What's needed is the listing below, repeated word for word with no pictures.
[Opening SOURCE DATA section]
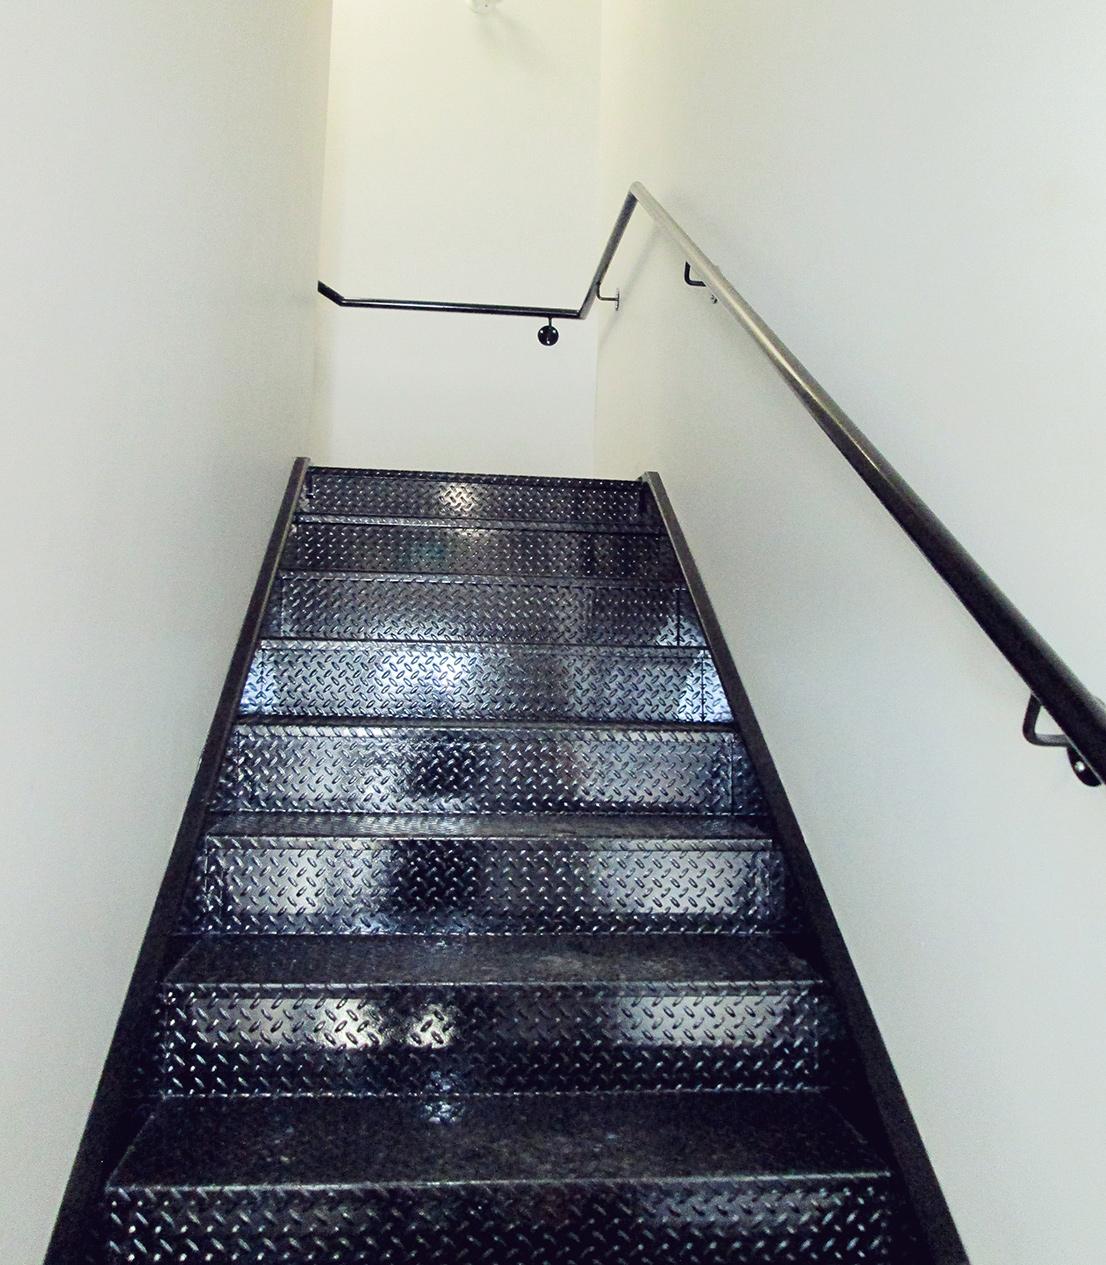 Escalier intérieur et main-courante en acier peint
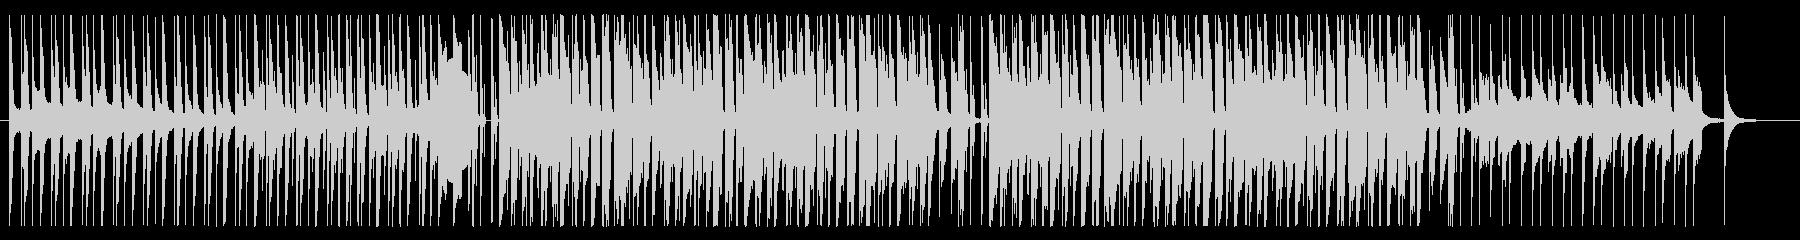 レゲトン、ラテン、ダンス系(短め)の未再生の波形
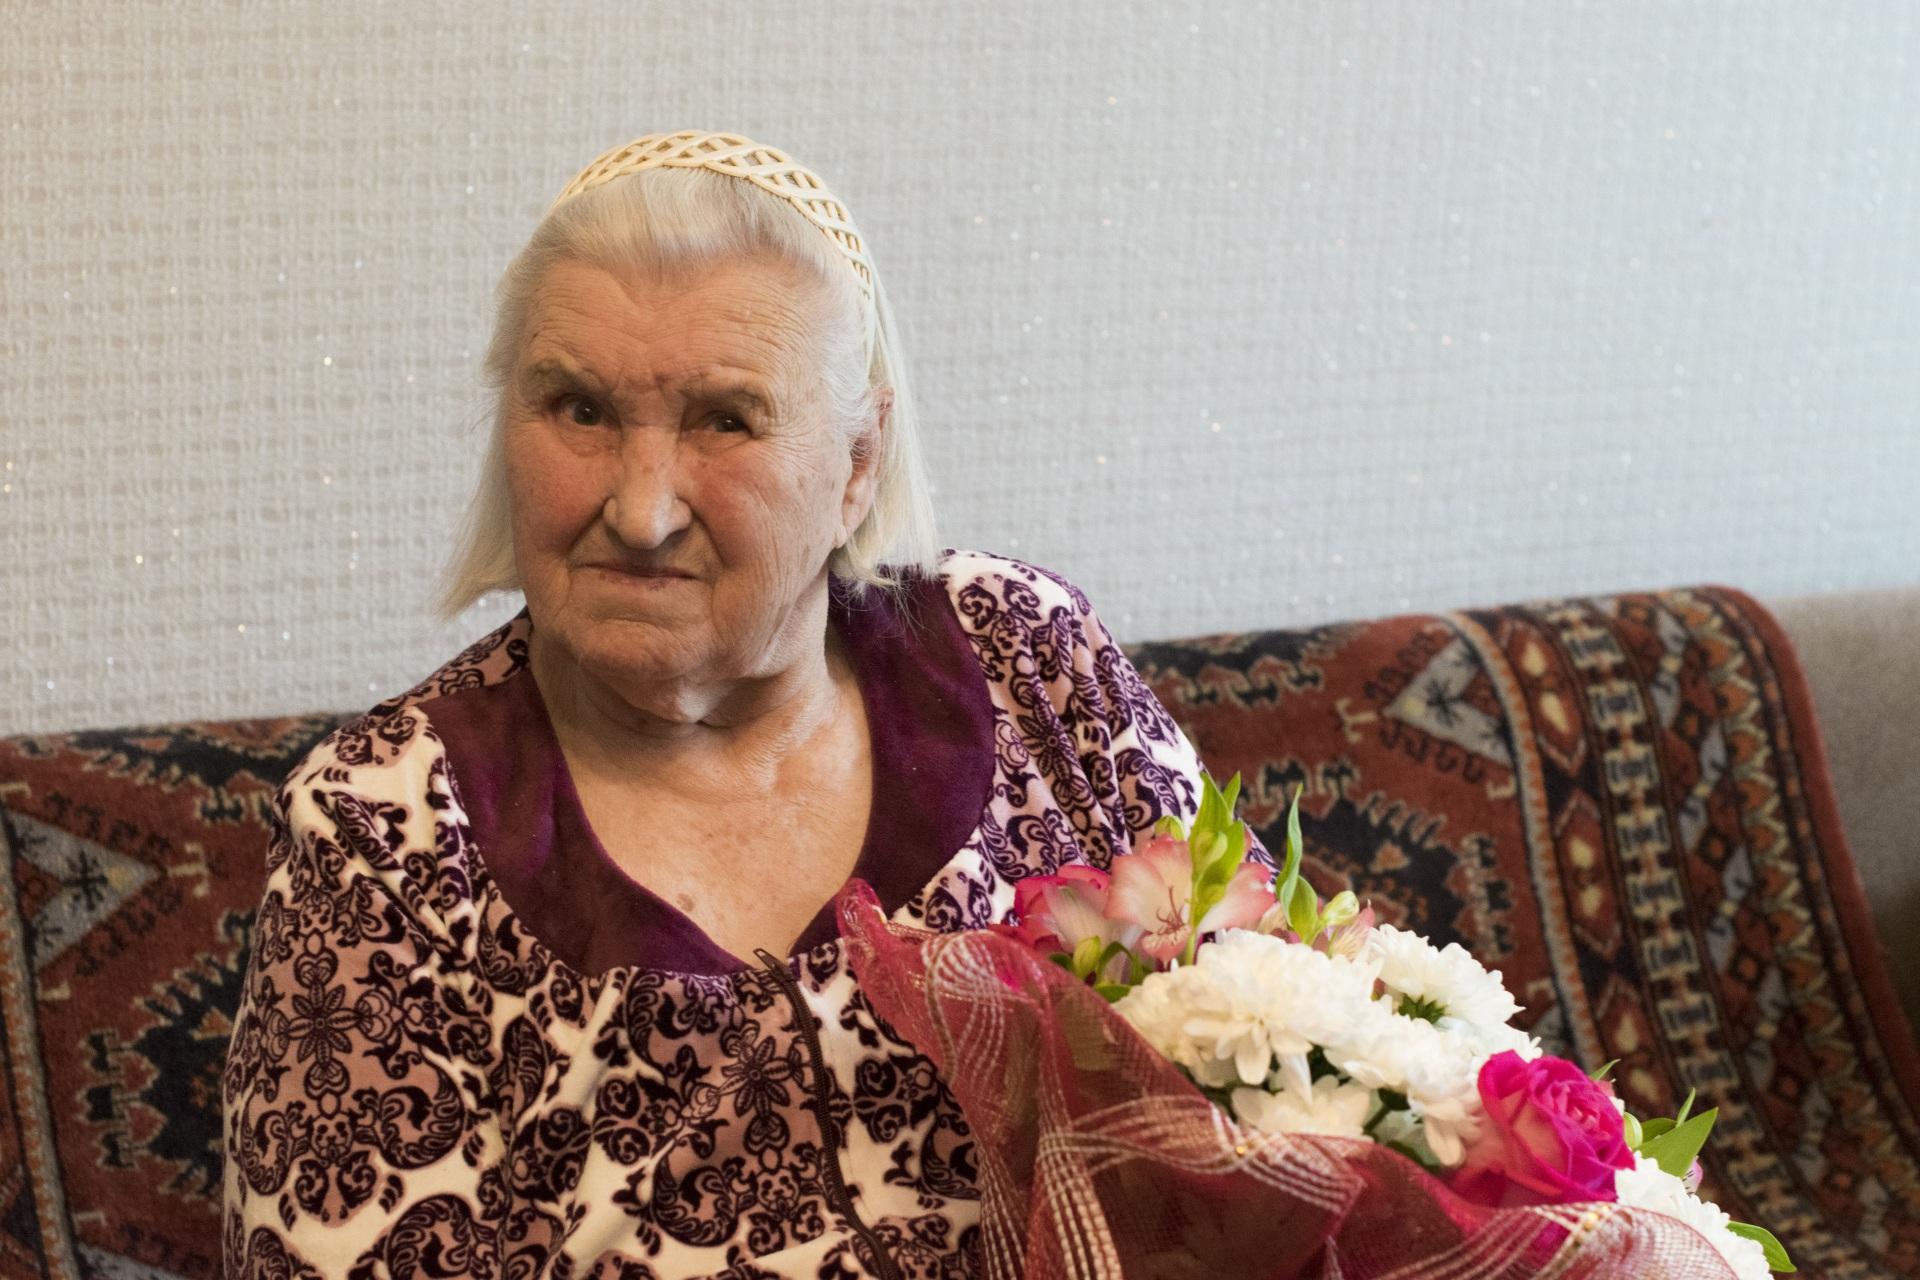 Глава Ухты поздравил с 90-летним юбилеем жительницу Водного Дину Щелканову
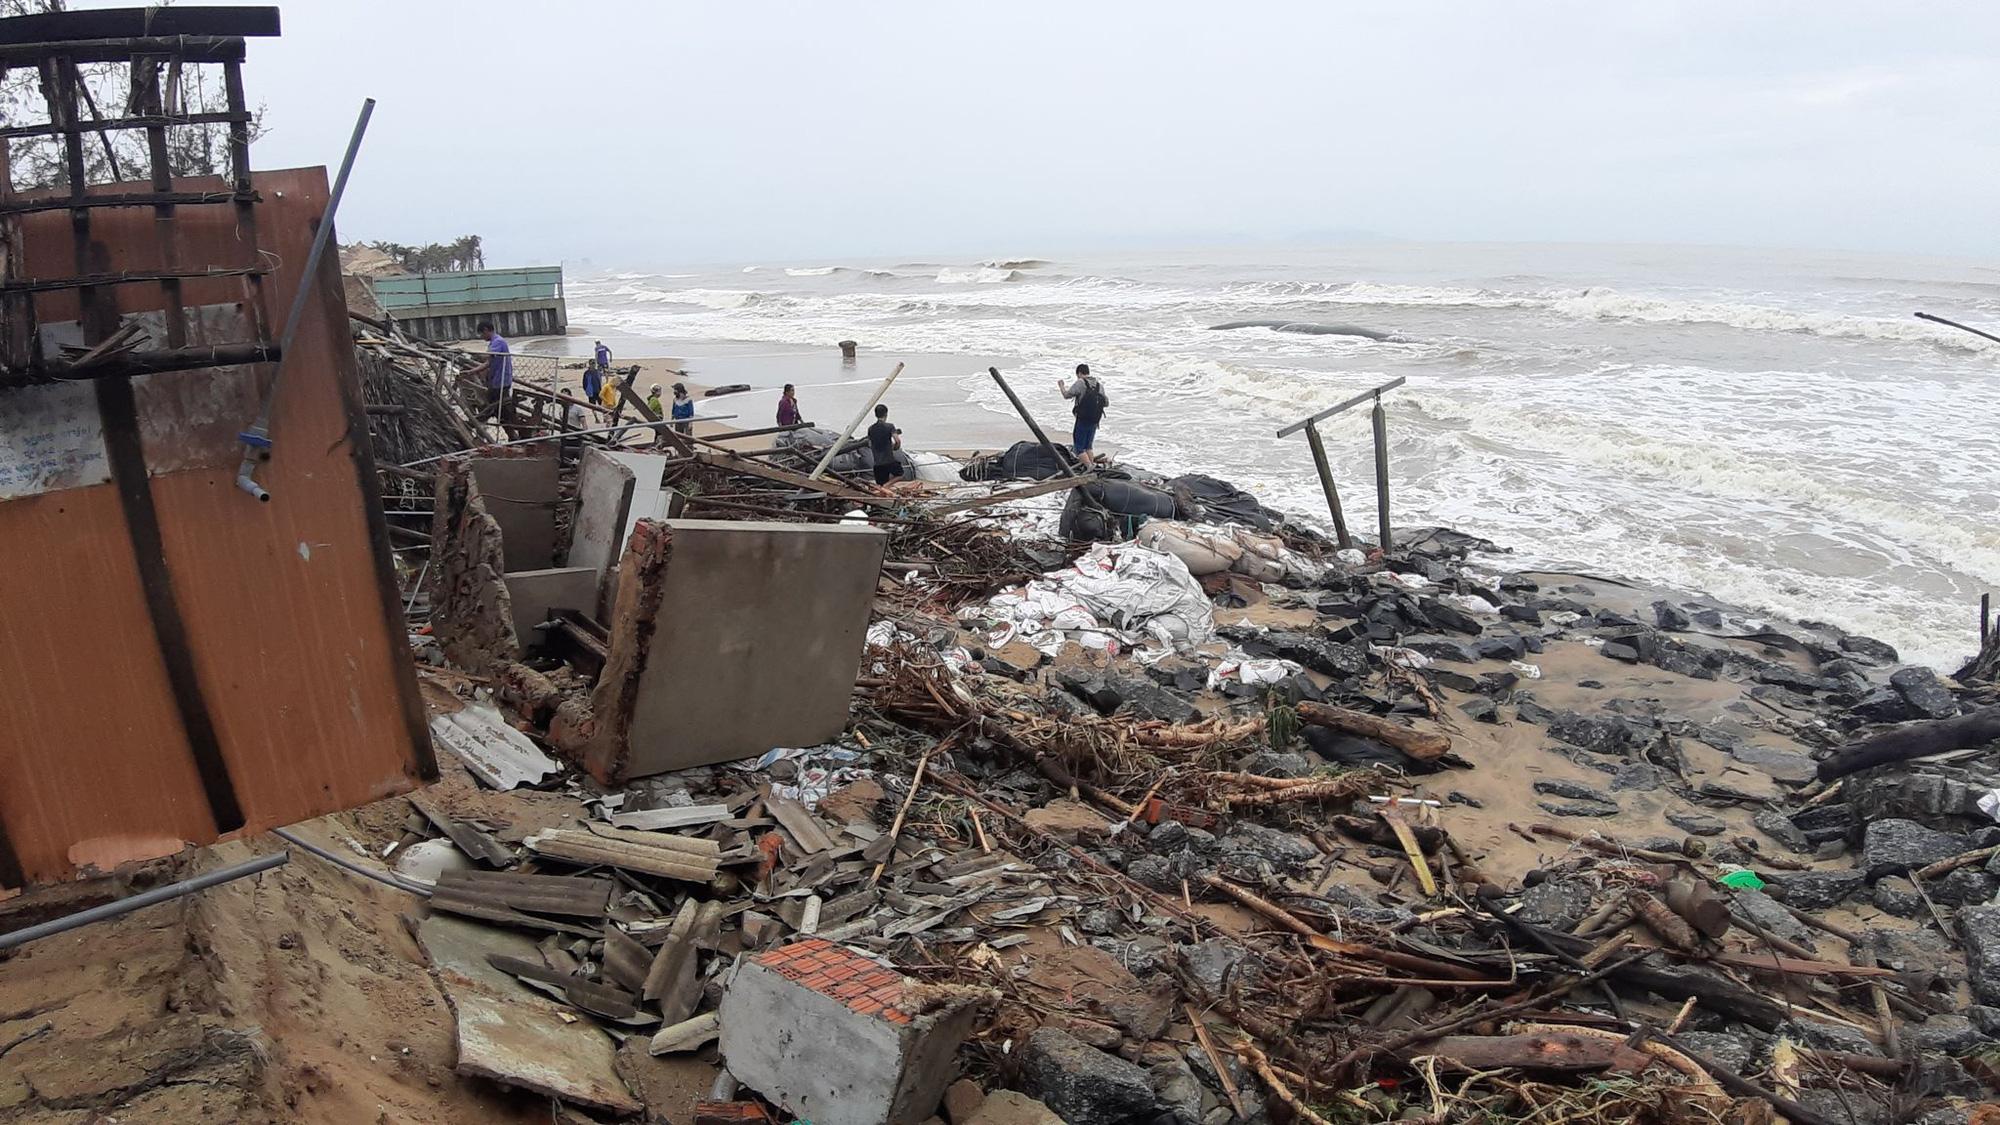 Ảnh hưởng bão số 13: Hàng chục nhà hàng ven biển An Bàng, Hội An bị đánh sập  - Ảnh 9.
[Closing SOURCE DATA section]
> **ANSWER FOR THIS EXERCISE**:
 Escalier intérieur et main-courante en acier peint
 レゲトン、ラテン、ダンス系(短め)の未再生の波形
 Глава Ухты поздравил с 90-летним юбилеем жительницу Водного Дину Щелканову
 Ảnh hưởng bão số 13: Hàng chục nhà hàng ven biển An Bàng, Hội An bị đánh sập  - Ảnh 9.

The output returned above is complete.